Problem 2.1 ICDCPO (I/O Clustering in Design Cost and Performance Optimization): Given an existing/initial stan-

dard cell placement, a set of I/O buffers (which has corresponding set of signal bumps)  $IO = \{io_1, \cdots, io_n\}$  and the current  $I_i$  associated with I/O buffer  $io_i$ , a set of power bumps  $P = \{p_1, p_2, \cdots, p_m\}$ , a user-specified voltage drop threshold vector  $\delta_{max}$ , the system matrix A for power network, a certain building cost for I/O buffer blocks, and a set of nets  $N = N_1 \cup N_2 \cup \cdots \cup N_k$ , find a solution to simultaneously suppress the design cost, the I/O wirelength for the placement, and voltage drop threshold violation for power network.

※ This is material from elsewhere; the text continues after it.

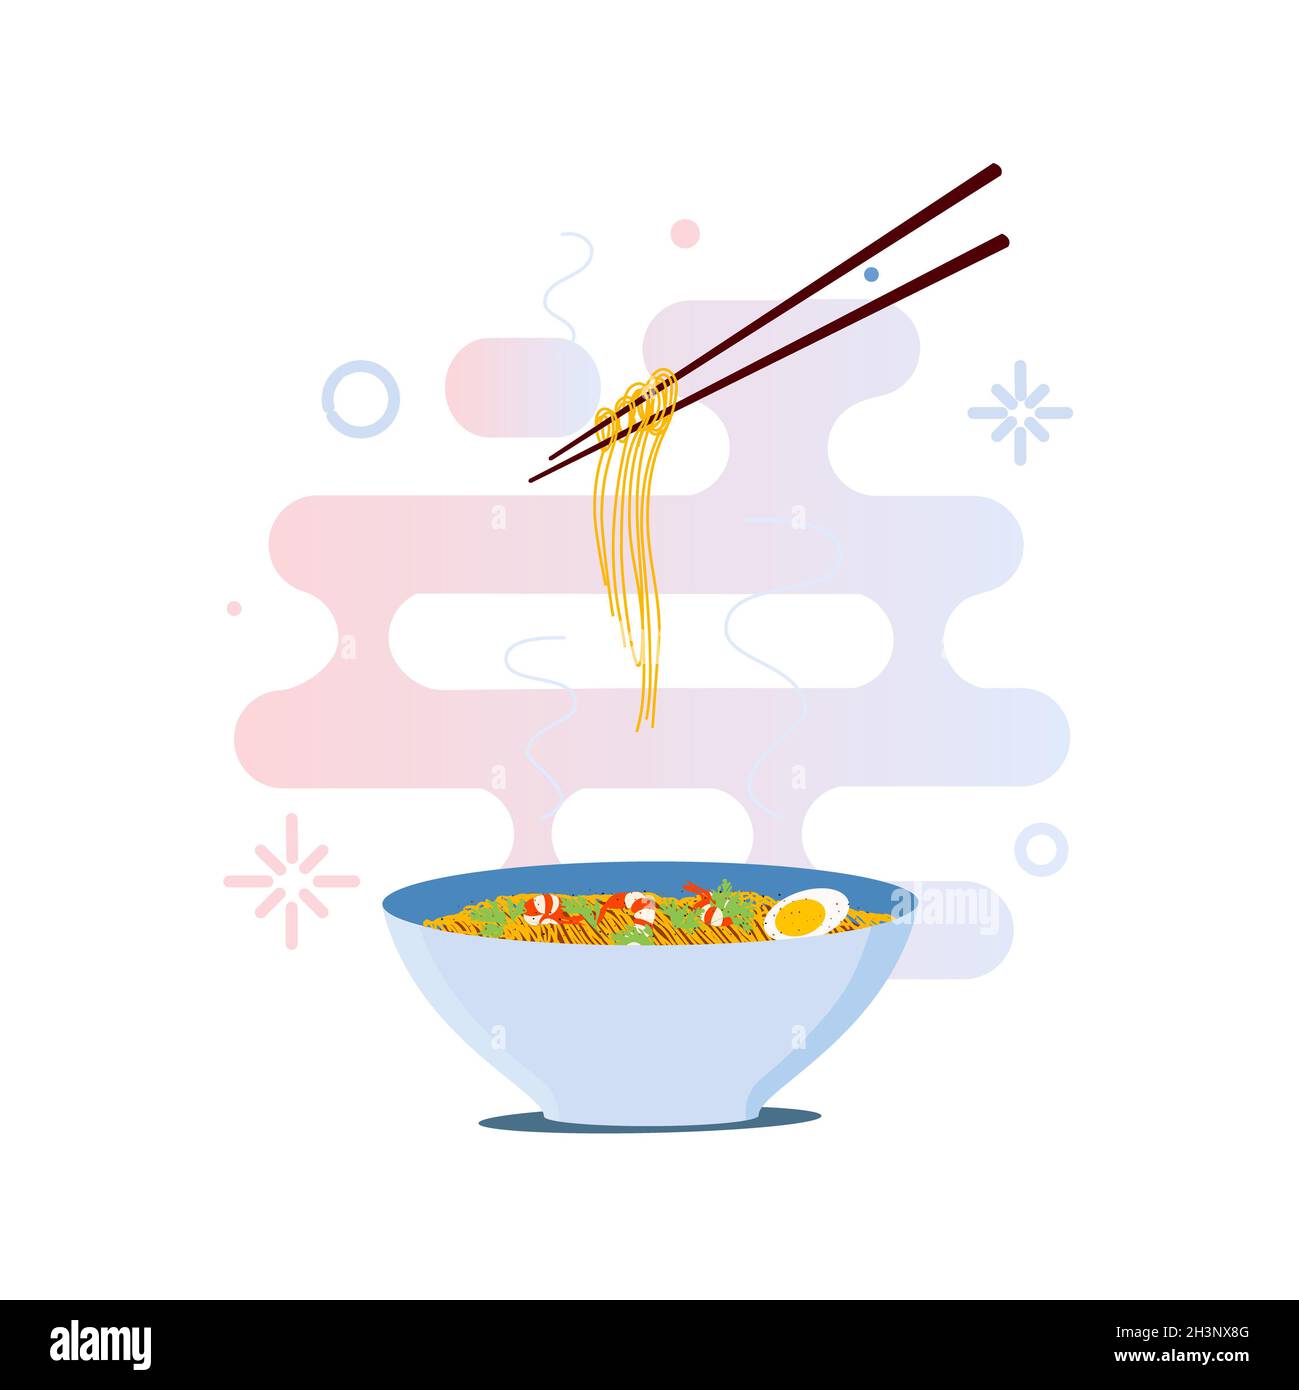 Noodles and chopsticks, illustration Stock Photo

We divide the whole die into bins based on power bumps. Each bin has a certain amount of area for accommodating I/O buffers, obtained from the dead space or other pre-planned free space in existing placement and the building cost of buffer block. For some bins which are occupied fully or partially by memory blocks, the area of corresponding bins will be zero or much less than a certain amount. Thus we use P to represent the set of power bump bins as well. We define  $H = \{h_1, \dots, h_n\}$  to be the set of regions that the buffer  $io_i$  can possibly draw current from (shown in Fig. 4), similar to [12]. Each region contains a set of power bumps that the corresponding I/O buffer can use.

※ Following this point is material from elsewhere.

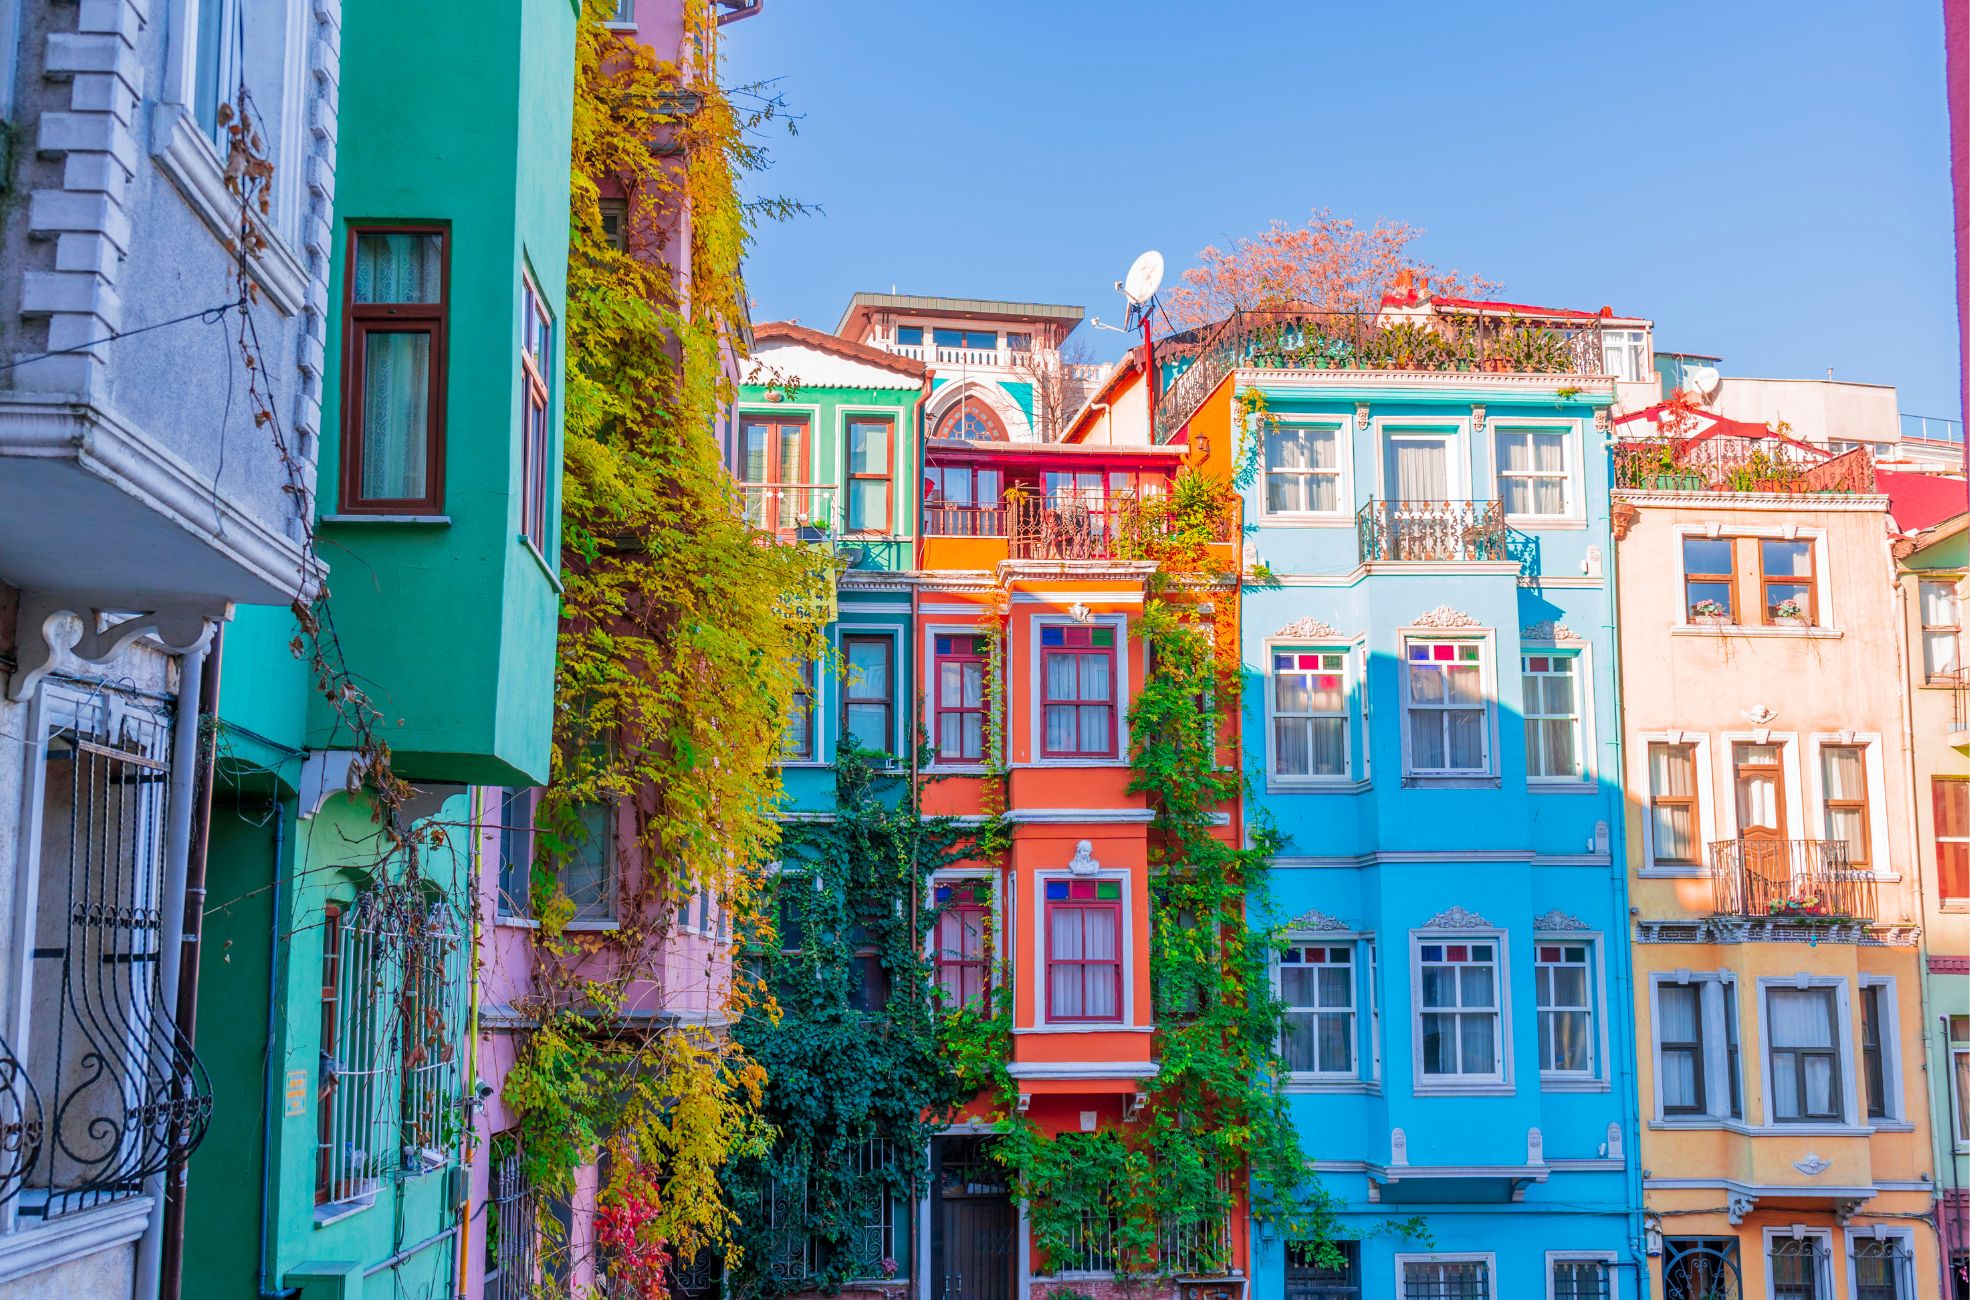 The Colour Property Landscape Of Turkey

Fig. 4. The relationship between signal bump, power bump, power bump bin, I/O buffer possible positions, and possible current drawn region.

In next section, we introduce a cost function to minimize the I/O wirelength and total voltage drop in power network, and present an algorithm to solve the proposed problem. Note that the I/O wirelength we mention in this paper is wirelength estimation of connecting I/O buffer, signal bump, and I/O port of corresponding logic cells. It is not total wirelength estimation for the whole placement.

### 3. THE I/O CLUSTERING ALGORITHM IN DESIGN COST AND PERFORMANCE OPTIMIZATION

We first construct a network with embedded cost function and run a min-cost flow algorithm [1] to obtain the solution. The network graph G = (V, E) is constructed as follows, also see Fig. 5 for illustration.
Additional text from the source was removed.